This table only includes plants larger than 4 MW.

| Plant | Location | Power (MW) | Notes |
|---|---|---|---|
| Arbor Hills Landfill | Salem | 28.7 | Two plants |
| Carleton Farms Landfill | Carleton | 4.0 |  |
| EDL / Brent Run Landfill | Montrose | 5.6 |  |
| EDL / Citizens Disposal Landfill | Grand Blanc | 7.2 | Two plants |
| EDL / Ottawa County Farms Landfill | Coopersville | 5.6 | Two plants |
| Pine Tree Acres Landfill | New Haven | 21.6 | Two plants |
| Riverview Land Preserve | Riverview | 6.6 |  |
| Southeast Berrien County Landfill | Buchanan | 4.8 |  |

===Former plants===

| Plant | Location | Power (MW) | Notes |
|---|---|---|---|
| EDL Wood Road Landfill | Lansing | 8.0 | Two plants, closed September 2021 |

==Biomass/waste power plants==
Biomass power plants in Michigan often use waste from the lumber industry. Smaller units use food waste, or cow, pig and turkey waste.

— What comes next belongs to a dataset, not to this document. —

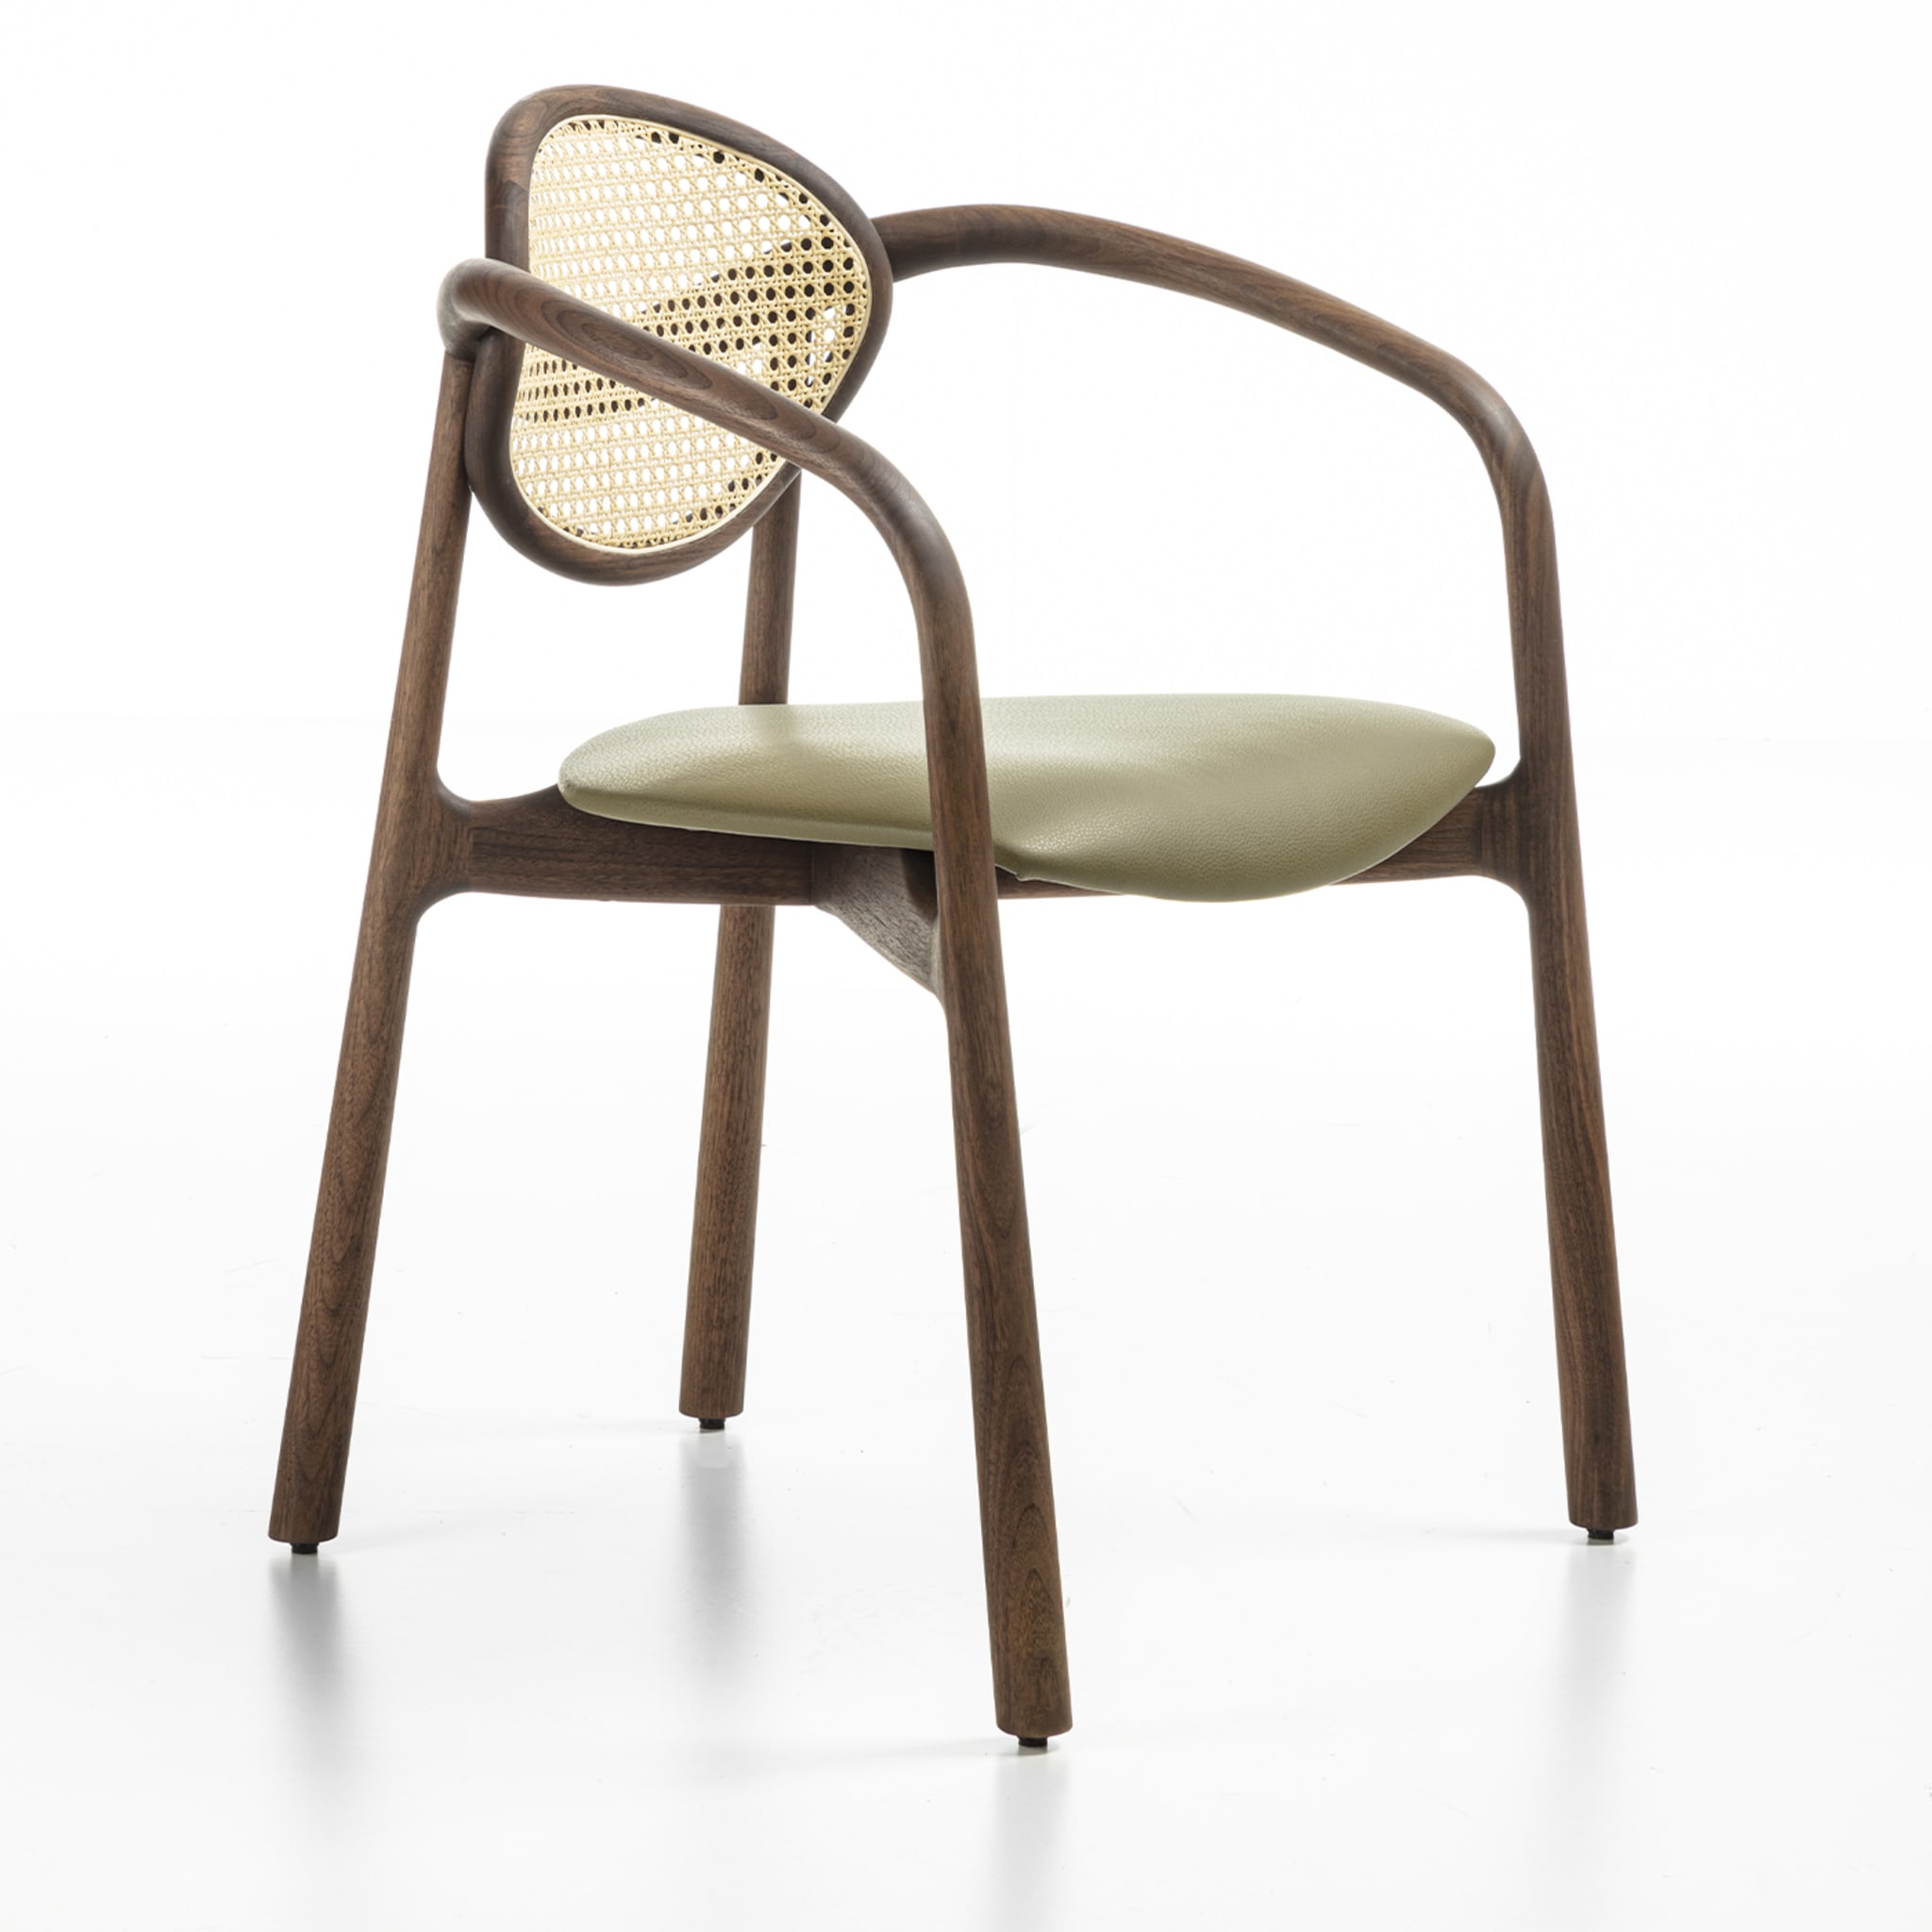 Marlena Green Chair With Arms by Studio Nove.3 - Alternative view 5

| Plant | Location | Power (MW) | Notes |
|---|---|---|---|
| Cadillac Renewable | Cadillac | 38 | Wood, 38 MW Gen1 closed February 2020, Gen2 installed August 2020 |
| Fremont Community Digester | Fremont | 3 | Anaerobic digestion of baby food, other food waste |
| Genesee Power | Genesee | 36 | Wood |
| Grayling Generating | Grayling | 36 | Wood |
| L'Anse Warden | L'Anse | 20 | Wood |
| Lincoln Power | Lincoln | 16 | Wood |
| McBain Power | McBain | 16 | Wood |
| Verso Paper | Quinnesec | 28 | Wood |

===Retired===

| Plant | Location | Power (MW) | Notes |
|---|---|---|---|
| Hillman Power | Hillman | 18 | Wood, closed May 2022 |

==Hydropower==
Michigan has a number of small hydropower plants; however, the generally small, flat rivers provide a limited source of power.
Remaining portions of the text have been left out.